## [COLLECTED DATA]
- Opening Delimiter -

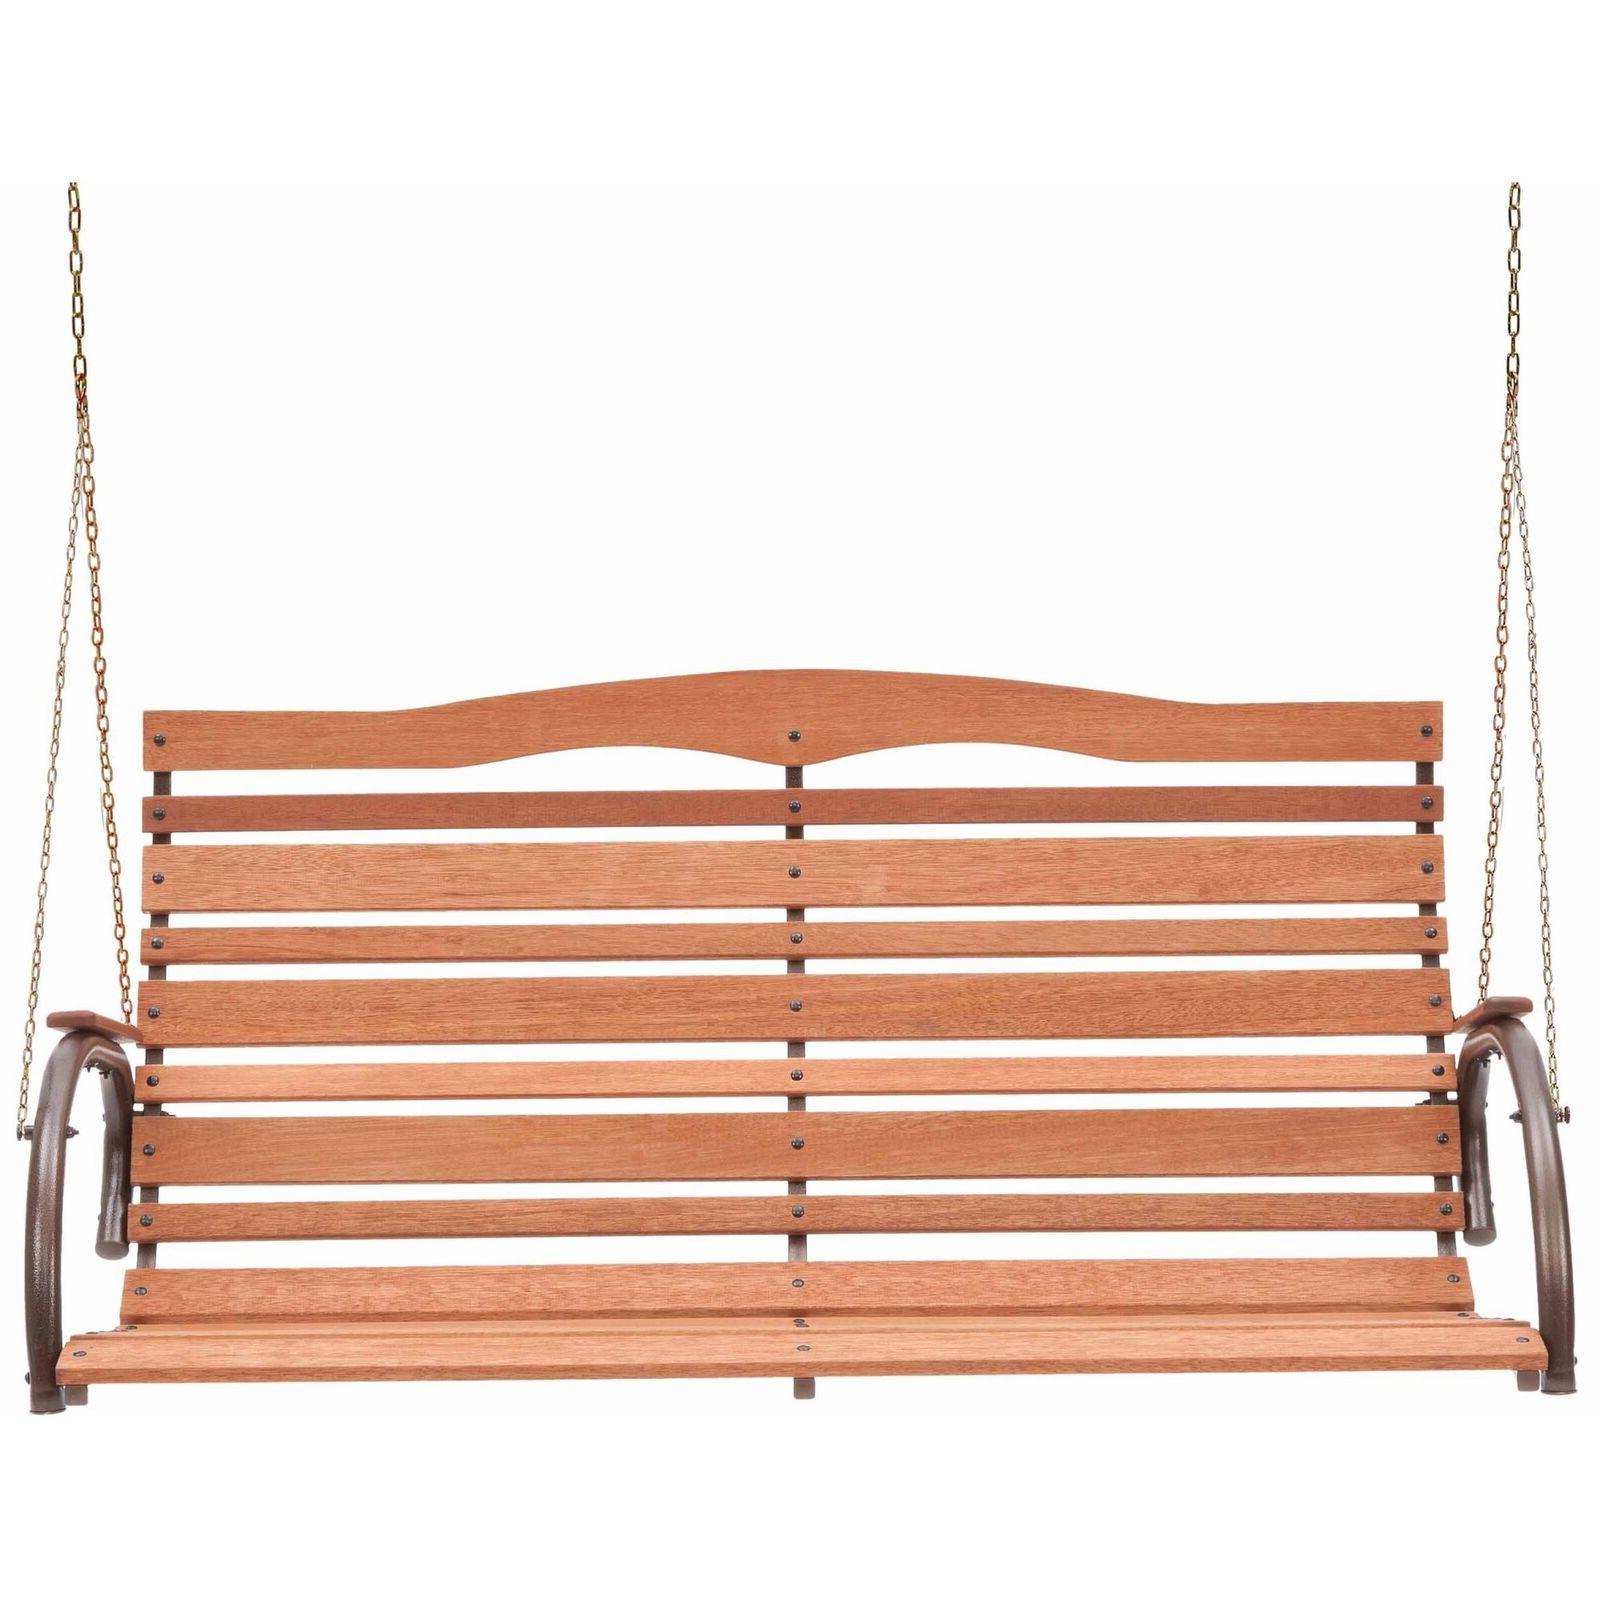 Porch Swings Sale Solid Wood Kit Loveseat 4 Foot Deck Patio
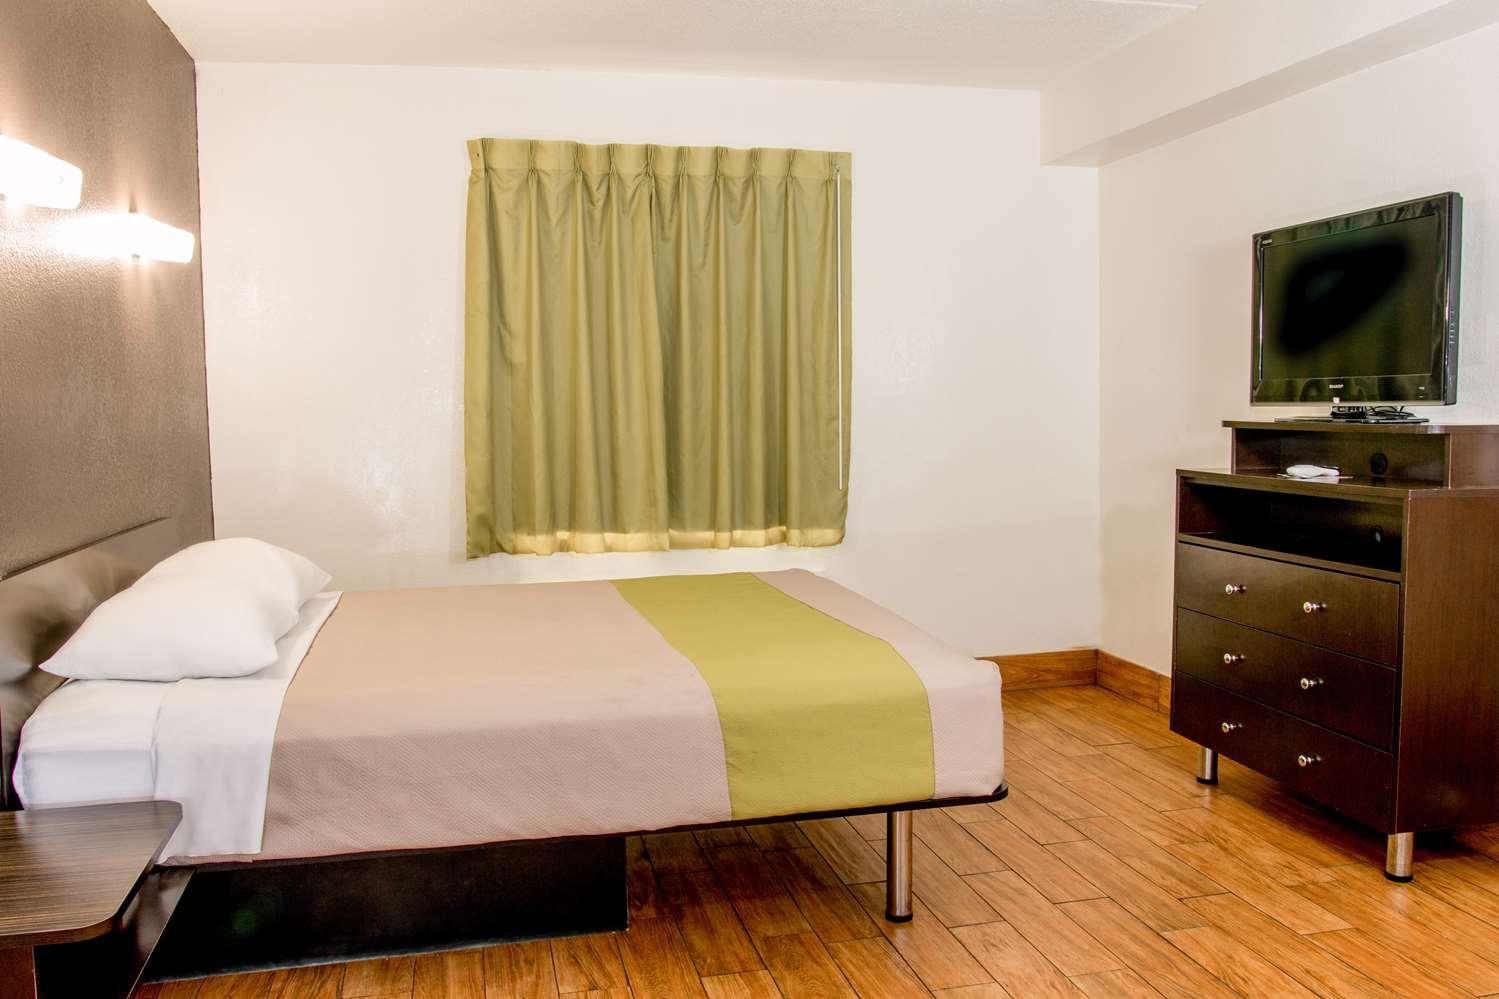 Studio 6 Extended Stay Hotel Lackland San Antonio Tx
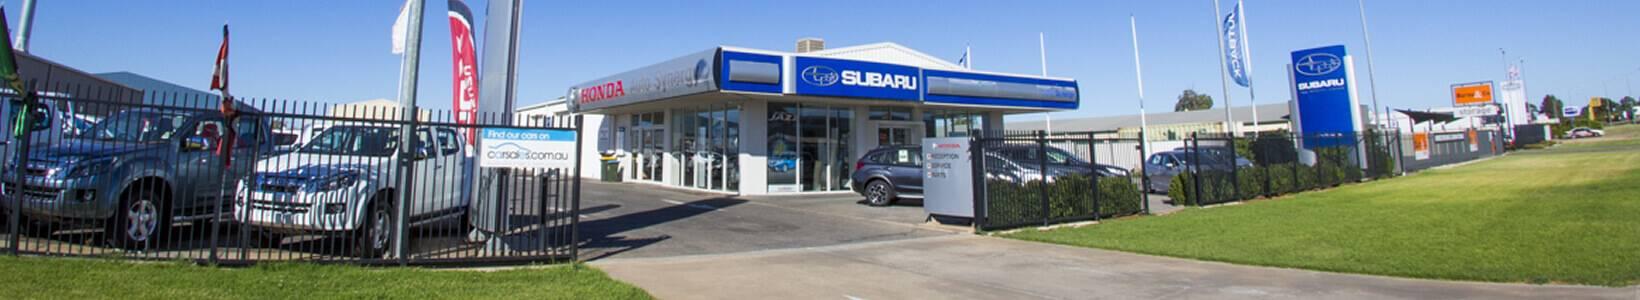 Autosynergy Subaru

- Closing Delimiter -

## [WORK TO COMPLETE]
Your answer should set down the listing verbatim and leave out its images.

## [WORKED SOLUTION]
 Porch Swings Sale Solid Wood Kit Loveseat 4 Foot Deck Patio
 Studio 6 Extended Stay Hotel Lackland San Antonio Tx
 Autosynergy Subaru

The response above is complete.